DATA EXTRACT:
····················

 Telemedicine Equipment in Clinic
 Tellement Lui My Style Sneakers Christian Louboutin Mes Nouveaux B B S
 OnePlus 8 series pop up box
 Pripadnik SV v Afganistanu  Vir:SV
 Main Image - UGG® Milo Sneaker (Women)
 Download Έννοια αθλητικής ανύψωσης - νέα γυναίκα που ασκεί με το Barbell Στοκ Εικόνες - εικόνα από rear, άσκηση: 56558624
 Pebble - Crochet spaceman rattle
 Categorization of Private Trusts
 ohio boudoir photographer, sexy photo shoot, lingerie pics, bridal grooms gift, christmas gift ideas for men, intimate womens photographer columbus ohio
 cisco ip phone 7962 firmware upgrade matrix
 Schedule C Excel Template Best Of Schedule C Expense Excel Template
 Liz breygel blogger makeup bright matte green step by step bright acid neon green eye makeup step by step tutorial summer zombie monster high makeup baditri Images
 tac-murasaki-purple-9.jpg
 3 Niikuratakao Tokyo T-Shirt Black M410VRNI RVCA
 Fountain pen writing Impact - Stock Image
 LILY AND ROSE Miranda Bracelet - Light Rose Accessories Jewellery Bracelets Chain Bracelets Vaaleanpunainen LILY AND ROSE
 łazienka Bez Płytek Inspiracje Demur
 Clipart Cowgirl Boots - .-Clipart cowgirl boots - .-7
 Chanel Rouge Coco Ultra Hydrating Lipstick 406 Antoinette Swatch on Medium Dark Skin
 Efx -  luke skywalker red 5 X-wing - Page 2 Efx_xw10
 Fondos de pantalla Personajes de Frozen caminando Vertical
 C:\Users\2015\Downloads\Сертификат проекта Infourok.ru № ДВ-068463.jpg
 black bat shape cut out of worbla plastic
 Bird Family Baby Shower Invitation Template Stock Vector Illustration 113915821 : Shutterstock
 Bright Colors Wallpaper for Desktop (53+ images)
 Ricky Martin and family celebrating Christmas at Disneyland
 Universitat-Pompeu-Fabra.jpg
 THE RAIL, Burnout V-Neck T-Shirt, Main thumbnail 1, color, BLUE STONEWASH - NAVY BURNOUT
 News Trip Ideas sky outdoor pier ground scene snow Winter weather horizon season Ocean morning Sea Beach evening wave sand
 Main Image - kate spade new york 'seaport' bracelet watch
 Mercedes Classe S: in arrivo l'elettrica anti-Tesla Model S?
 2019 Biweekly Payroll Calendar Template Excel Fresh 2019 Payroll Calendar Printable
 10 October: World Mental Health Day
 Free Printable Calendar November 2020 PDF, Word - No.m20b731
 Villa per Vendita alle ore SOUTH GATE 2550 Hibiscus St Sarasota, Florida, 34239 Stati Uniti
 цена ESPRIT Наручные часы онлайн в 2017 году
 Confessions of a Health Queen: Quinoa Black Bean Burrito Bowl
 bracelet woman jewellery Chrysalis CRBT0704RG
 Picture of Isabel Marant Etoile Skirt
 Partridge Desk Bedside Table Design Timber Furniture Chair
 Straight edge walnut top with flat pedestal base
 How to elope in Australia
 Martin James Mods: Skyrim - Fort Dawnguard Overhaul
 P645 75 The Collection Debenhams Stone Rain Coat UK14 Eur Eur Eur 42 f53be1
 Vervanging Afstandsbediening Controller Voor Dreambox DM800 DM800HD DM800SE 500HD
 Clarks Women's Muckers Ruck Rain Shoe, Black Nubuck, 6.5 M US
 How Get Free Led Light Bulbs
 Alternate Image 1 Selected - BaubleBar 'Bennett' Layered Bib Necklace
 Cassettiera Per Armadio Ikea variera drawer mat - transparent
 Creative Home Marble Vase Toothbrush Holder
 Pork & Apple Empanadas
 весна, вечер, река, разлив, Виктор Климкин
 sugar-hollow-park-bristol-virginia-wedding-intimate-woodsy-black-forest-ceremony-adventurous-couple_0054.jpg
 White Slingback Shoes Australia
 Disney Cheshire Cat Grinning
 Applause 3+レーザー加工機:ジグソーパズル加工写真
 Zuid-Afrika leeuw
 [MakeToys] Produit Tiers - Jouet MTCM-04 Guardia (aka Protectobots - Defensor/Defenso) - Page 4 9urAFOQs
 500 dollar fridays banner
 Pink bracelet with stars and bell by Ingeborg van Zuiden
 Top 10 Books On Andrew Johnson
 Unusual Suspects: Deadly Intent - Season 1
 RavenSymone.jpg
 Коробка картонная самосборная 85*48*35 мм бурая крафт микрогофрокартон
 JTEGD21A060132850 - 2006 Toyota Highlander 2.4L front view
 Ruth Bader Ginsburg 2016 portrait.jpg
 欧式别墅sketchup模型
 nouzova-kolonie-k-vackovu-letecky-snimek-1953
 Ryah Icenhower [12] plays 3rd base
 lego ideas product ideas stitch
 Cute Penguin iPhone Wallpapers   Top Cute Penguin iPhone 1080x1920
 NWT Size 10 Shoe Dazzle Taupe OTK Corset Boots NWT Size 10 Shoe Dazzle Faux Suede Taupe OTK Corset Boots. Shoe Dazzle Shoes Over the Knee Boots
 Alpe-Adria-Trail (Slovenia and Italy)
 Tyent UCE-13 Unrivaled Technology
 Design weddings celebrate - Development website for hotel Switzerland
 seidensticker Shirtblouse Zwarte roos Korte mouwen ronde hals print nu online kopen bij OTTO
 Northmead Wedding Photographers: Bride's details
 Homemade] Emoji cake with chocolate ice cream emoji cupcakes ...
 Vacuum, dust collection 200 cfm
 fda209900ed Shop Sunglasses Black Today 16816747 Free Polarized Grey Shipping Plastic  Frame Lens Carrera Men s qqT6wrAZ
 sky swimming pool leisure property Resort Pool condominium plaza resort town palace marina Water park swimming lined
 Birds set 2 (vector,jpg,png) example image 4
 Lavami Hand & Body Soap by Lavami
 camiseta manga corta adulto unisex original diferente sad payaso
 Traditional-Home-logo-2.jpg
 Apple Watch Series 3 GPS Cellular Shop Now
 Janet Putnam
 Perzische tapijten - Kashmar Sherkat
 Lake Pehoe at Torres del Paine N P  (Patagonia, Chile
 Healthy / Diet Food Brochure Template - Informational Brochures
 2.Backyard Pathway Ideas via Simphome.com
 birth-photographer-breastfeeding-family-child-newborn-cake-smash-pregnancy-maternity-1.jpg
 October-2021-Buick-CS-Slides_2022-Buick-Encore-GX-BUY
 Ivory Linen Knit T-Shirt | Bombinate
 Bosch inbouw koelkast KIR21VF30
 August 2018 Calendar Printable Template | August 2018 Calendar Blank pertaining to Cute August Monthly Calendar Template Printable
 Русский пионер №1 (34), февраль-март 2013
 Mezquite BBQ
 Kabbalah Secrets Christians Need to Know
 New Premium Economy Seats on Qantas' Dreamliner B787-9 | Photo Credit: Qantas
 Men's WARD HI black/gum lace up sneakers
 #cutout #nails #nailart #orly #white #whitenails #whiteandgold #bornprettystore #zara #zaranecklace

····················

Pick every line from the listing holding the string "Free", and copy it.

 Free Printable Calendar November 2020 PDF, Word - No.m20b731
 How Get Free Led Light Bulbs
 fda209900ed Shop Sunglasses Black Today 16816747 Free Polarized Grey Shipping Plastic  Frame Lens Carrera Men s qqT6wrAZ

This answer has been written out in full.